The optical properties of matter are a highly non-trivial matter. Let me try to explain some of the basic mechanisms.
As you know, light can be described either as an electromagnetic wave (appropriate at a macroscopic level) or as consisting of photons of certain energy and frequency (more appropriate at a microscopic level).
The phenomena of absorption, transmission, reflection etc. often require to use both concepts, depending on the material. Let us therefore look at different classes of materials:
Gases: Let us look at a gas made of a bunch of atoms or molecules. Quantum mechanics tells you that in these, the electrons occupy discrete orbitals (atomic orbitals or molecular orbitals). A photon of the right energy can excite electrons from lower to higher orbitals. If this happens, the photon is destroyed (absorbed). Consequently, it is missing in the transmitted beam. Since this happens only at discrete energies, you see this as the black spots in the spectrum when you use white light (i.e. light that contains photons of all visible light):
The above image shows first the continuous spectrum of white light, then the emission lines of some element and then the spectrum you see when looking at white light after it has passed through that gas. This information can be used to identify unknown elements and is, for example, used in astronomy to determine what stars are made of.

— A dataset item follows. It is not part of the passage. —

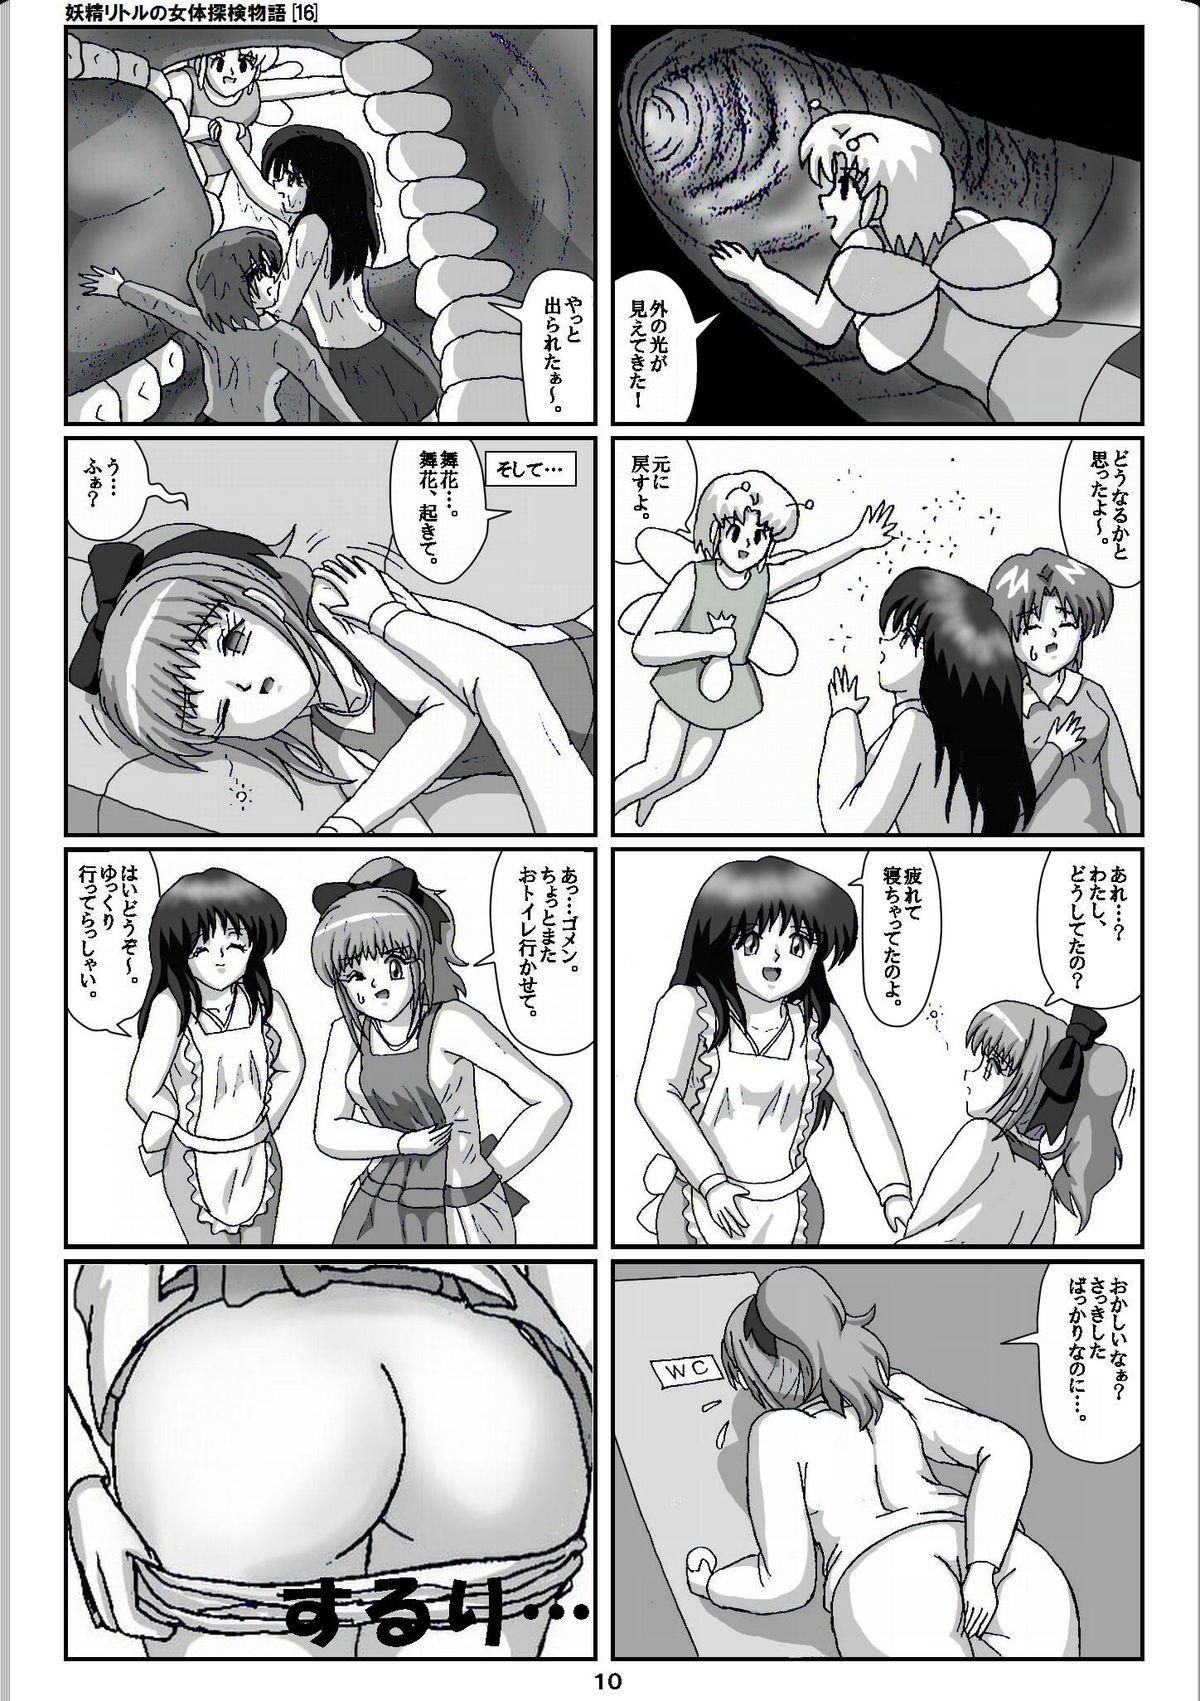 Vagina Yousei Little no Nyotai Tanken Monogatari Gets - Page 10

In conclusion, the relevant process here is the discrete energy spectrum of gases.
Solids: In solids, the discrete energy levels of the atoms "interact" with each other and form continuous bands. These continuous bands are described by the density of states $D(E)$ which tells you how many states there are in a small interval around energy $E$. You then fill your system up with electrons, beginning at the lowest possible energy and up to some maximum energy which is called the Fermi energy $E_F$. If you have an energy $E_1 < E_F$ and an energy $E_2 > E_F$, and if $D(E_1) \not= 0$ and $D(E_2) \not= 0$, a photon can in principle be absorbed if it has energy $E_2 - E_1$. In a semiconductor, you have a gap in the band: All bands below the Fermi energy are filled, and all bands above the Fermi energy are empty, and the last occupied and the first unoccupied states are separated by a gap $E_g$.
Hence, if an incident photon has energy lower than this gap, it will not be absorbed.
However, there are also a lot of other effects at work. On a macroscopic level, light interacts with a dielectric medium as characterized by the dielectric function $\varepsilon(\omega)$ via
$$D(\omega) = \varepsilon(\omega) \cdot E(\omega)$$ where $D$ is the dielectric displacement and $E$ is the electric field. The function can, in general, by complex. This gives rise to a complex index of refraction, where the imaginary part is the absorption coefficient. The reflection coefficient can be calculated from the real and the imaginary part.
A typical dielectric function looks like the picture below. Peeks in the imaginary part relate to absorption. So, if there are no such peaks in the visible spectrum, no absorption takes place and the material becomes transparent.
The strong reflectivity of metals is best explained by the free electron model. Since electrons in a model are relatively free to move, they can take on the oscillation of incident light waves and re-emit light of the same frequency for a wide range of frequencies.